I recently heard it suggested that church should aspire to be like the butterfly: beautiful and carefree, our days of darkness and enshroudedness past, existing only to reproduce and to bring joy. A lovely image – and I’m sure it resonated with those who needed it. For me, though, it registered a little … partial. There is so much about my Christian journey – raw, real, difficult-but-hope-filled good stuff – that is not described by such an analogy: times of personal struggle and limitation (often, for me, in the form of depression and anxiety) in which my faith is no less real, and God is no less faithful; times of heartache as I learn to lament the brokenness of a world in which there's no getting away from the fact that new creation life is ‘not yet’ as well as ‘now’. It’s also, if you stretch the metaphor, a little bleak – the existence of a butterfly is famously fleeting, while the Christian hope is of something altogether more enduring.
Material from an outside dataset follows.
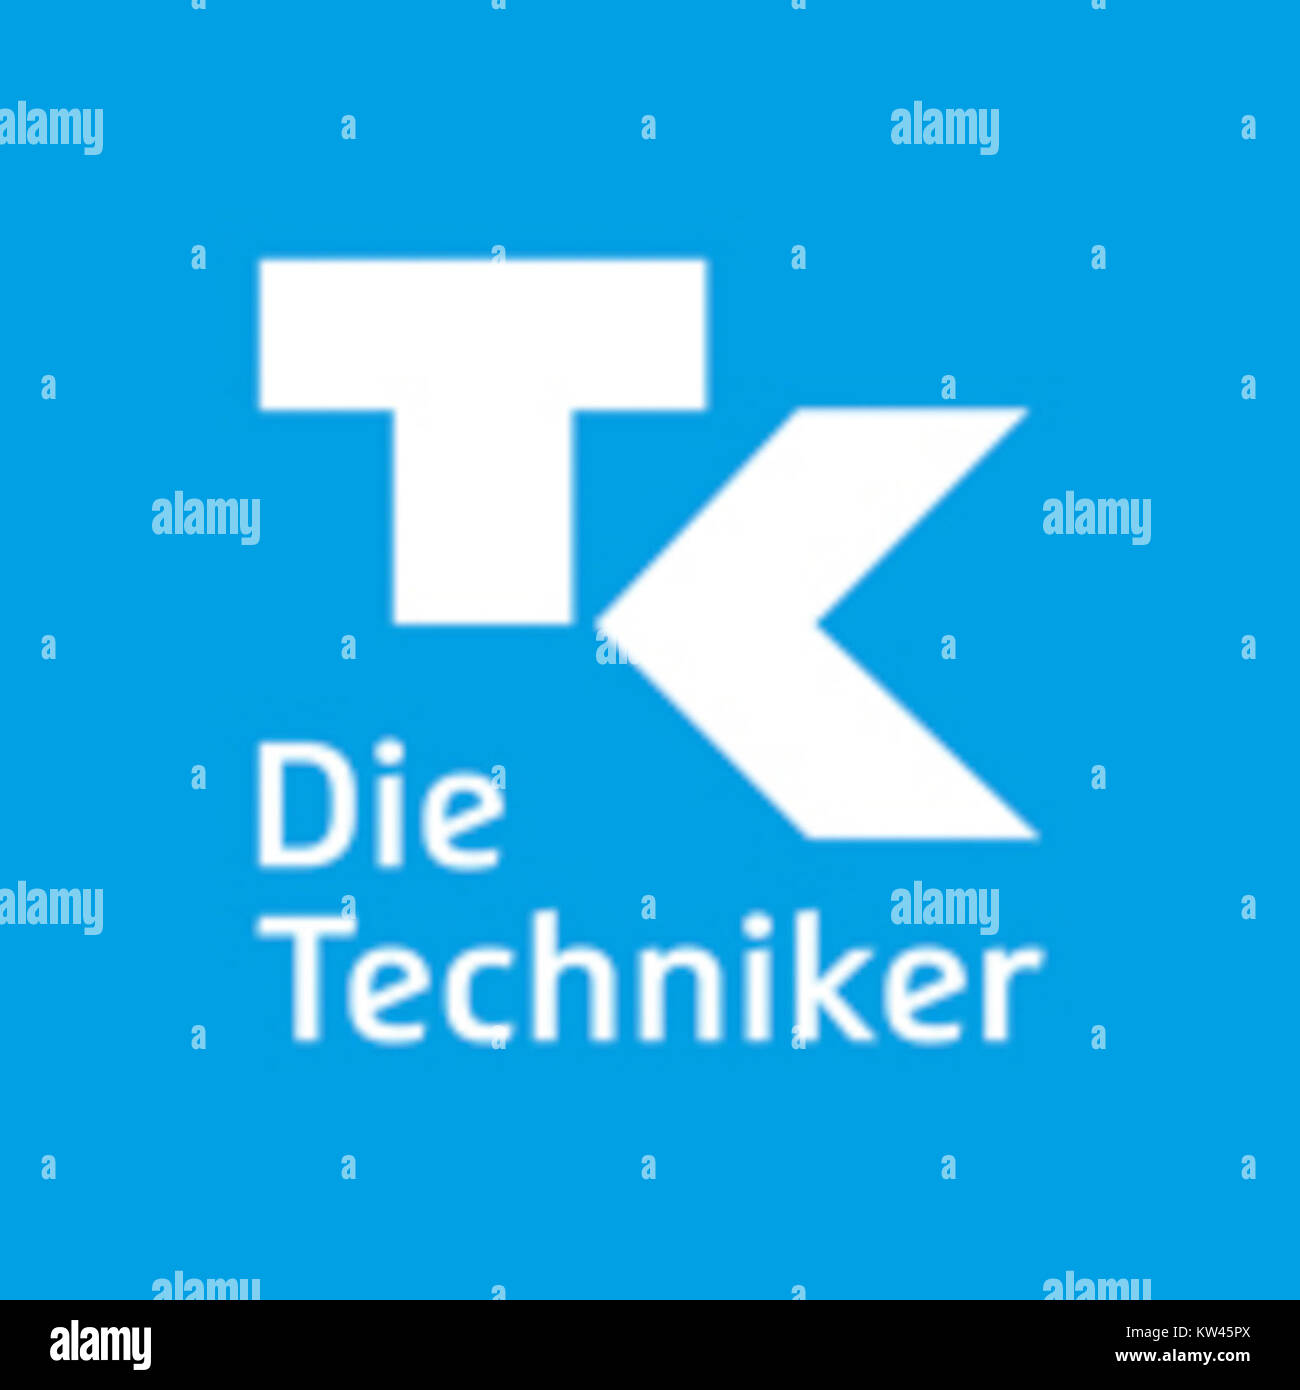 Techniker Krankenkasse Logo 2016 Foto Stock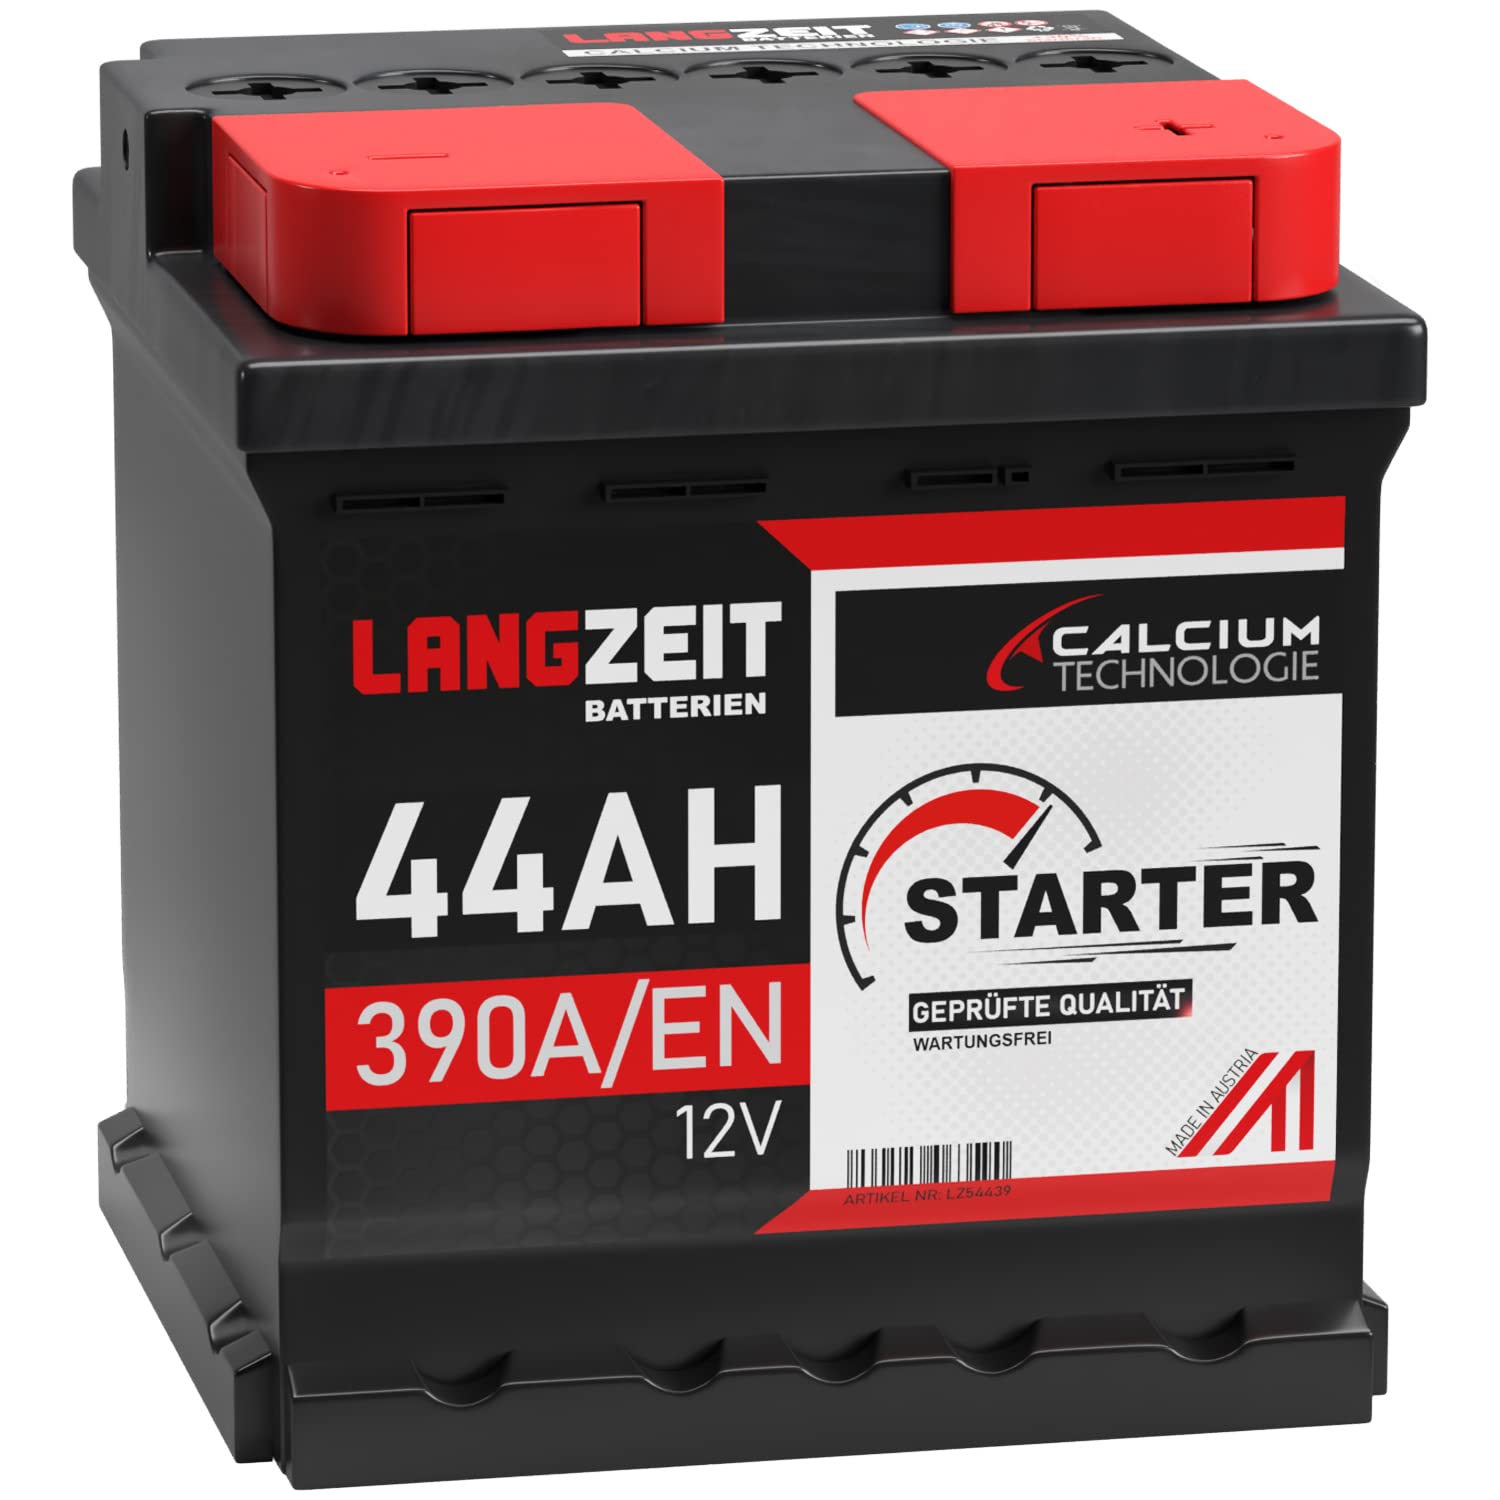 LANGZEIT Autobatterie 44AH 12V 390A/EN Starterbatterie ersetzt Batterie 36Ah 38Ah 40Ah 42Ah 45Ah

As I pondered this, a different image sprang to mind  inspired by recent “weather events”, and triggering something of a poetic dialogue with someone you might think I should know better than to argue with...



            UNDER THE SUN

            And all at once the snow was gone, and there,
            Beside the road, the usual little crowd:
            Their faces closed, their backs a little bowed,
            But standing, still, and grateful for some air.
            Still golden, splendid still in the attire
            They were given; regal, maybe, but not proud;
            Hard-pressed, perhaps, but they would not be floored,
            Alive to means the fall could not impair.
            They know what time it is. The time was then
            To dance, but they know other days than these –
            Or rather months: in darkness, hid from view,
            When being, still, is all that’s to be done.
            Remember, while you flutter in the breeze,
            That there are seasons to be buried with them too.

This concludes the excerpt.